Moving on to L.L. Bean, this is an interesting situation in that 60 percent of their business occurs during the holiday period. Their process was to develop first an idea of what kind of risk factors were associated with the work that they were doing, and then to develop an action plan for those facilities. And some of the things that they came up with were setup guidelines, how should a work station be arranged, what kind of arrangements were necessary, as well as development of what was referred to as a toolbox of accessory items for people to use.

I really liked the analogy that was given of a carpenter and a hammer, that if you take the carpenter's hammer away, they can't work; and if you take a computer user's tools away, they can't work very effectively, either.

Emphasis was given on sit/stand work positions as providing more comfort. The employees are also tracked at L.L. Bean, and the profiles for heights and such also move with them. They use Ergo-reps, which in my terminology would be ergo-lead users; these are line workers trained in ergonomics techniques. Products that go into the toolbox are available for demonstration use as well as being immediately available when they're requested and required.

The results again, increased comfort and reduction in cumulative trauma injuries.

Finally, looking at US West, a large company encouraged a lot of early reporting of symptoms, all across different work groups, and found that in terms of results that they saw a decrease in the number of cases and I believe also in costs.

A quick summary of these; I'll try to go in order here. What seemed to me to be consistent about these three reports was that the program started as initially being driven by worker's comp cost data and comfort surveys. The second common theme tended to be that these programs needed to be flexible and portable; that you need to tailor the program to your individual setting, and we might expect this because as ergonomists we always say "one size doesn't fit all, it needs to be tailored to fit."

A third common theme was the establishment of guidelines for offices. That is, what should an office setup look like? What should your workstation setup look like? To make the equipment available for demonstration use, so that people can actually touch and try out the items that you encourage them to use. And certainly you need to train them in the appropriate use.
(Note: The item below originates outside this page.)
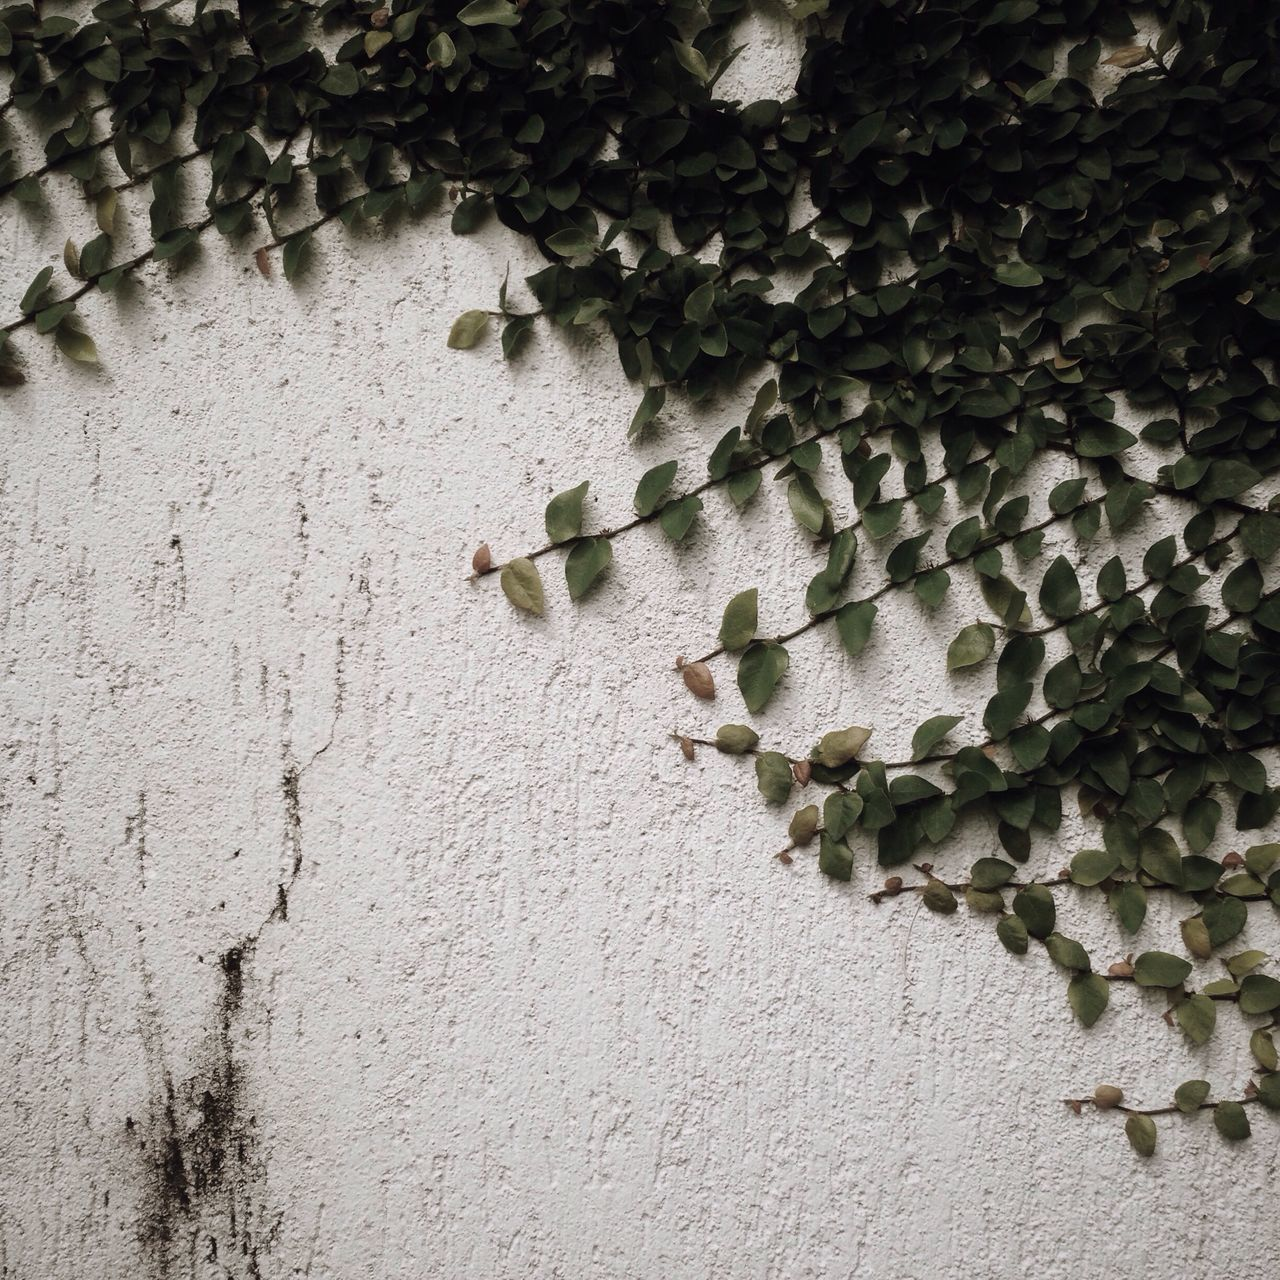 Creeper On Textured Wall

Now another theme that came up in these presentations was that when you set up these guidelines for offices, you need to allow for and I would say encourage movement and posture in the workstation. As we heard earlier, sit/stand workstation seems to be the way to go.

If you do that, what kind of results would you expect to see, based on the experience of these three programs? First of all, you would expect to see lower incidence of musculoskeletal disorder, you would expect to see lowered cost and you would expect to see enhanced productivity.
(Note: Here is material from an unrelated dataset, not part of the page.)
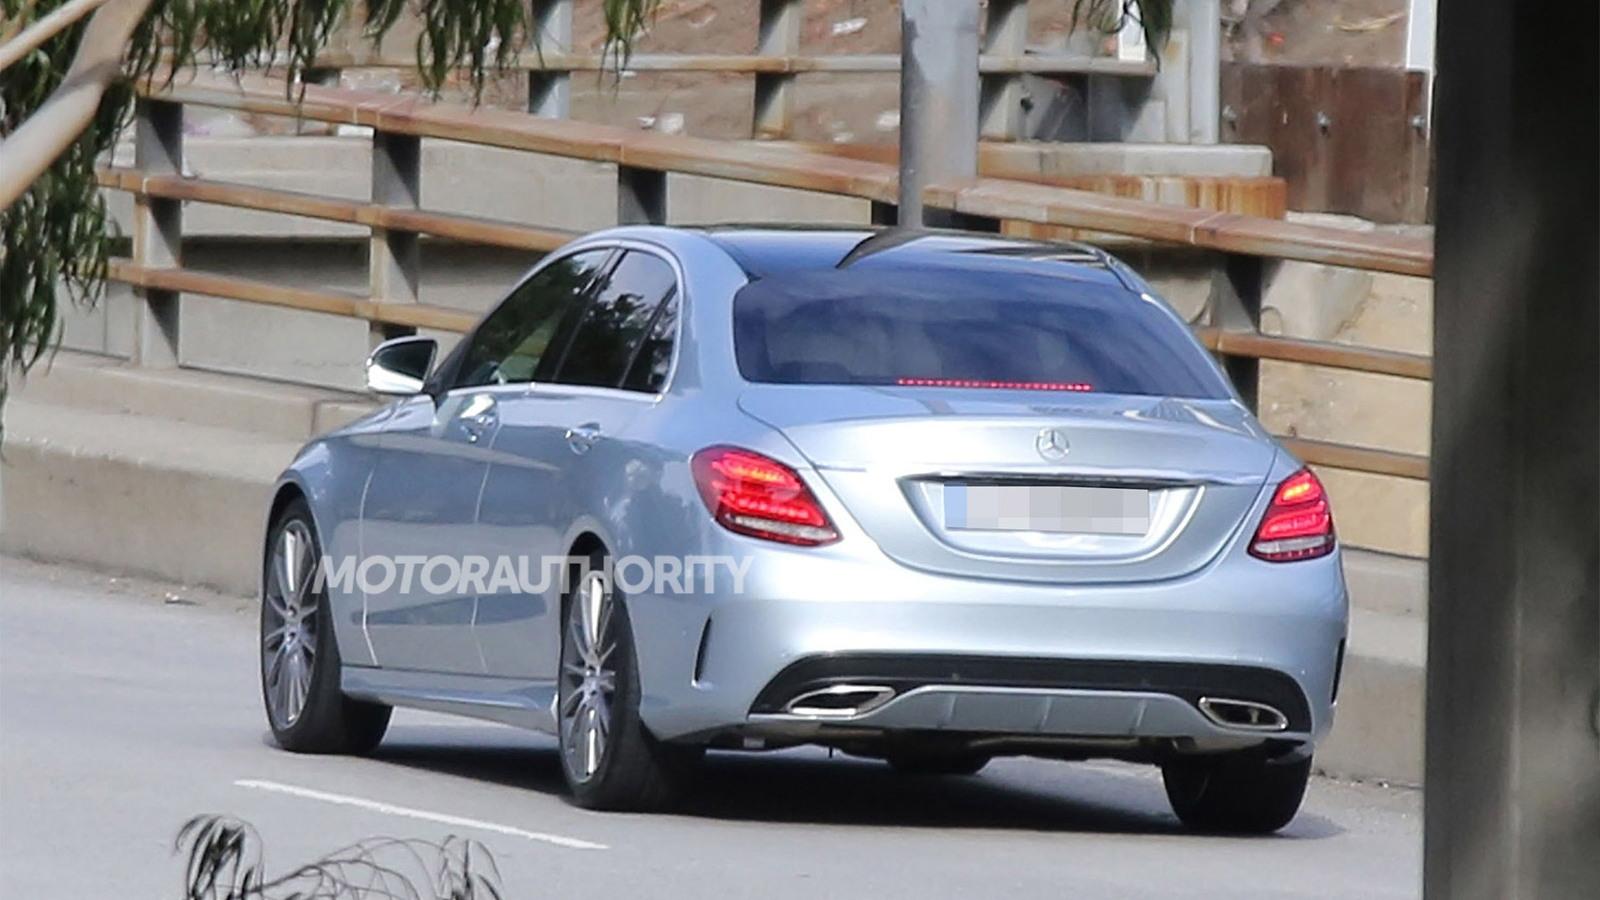 2015 Mercedes-Benz C-Class spy shots

I would encourage you all to go out and replicate these kinds of programs in your own settings. Thank you.

MR. LeGRANDE: Thanks, Tom. I think we can see that clearly, regardless of which industry was represented and which occupations were represented, clearly the development of a comprehensive ergonomics program including a component involving workers in the process works. That is, we see not only will there be worker involvement, but there will also be a reduction in the occurrence of ergonomic-related injuries in illnesses.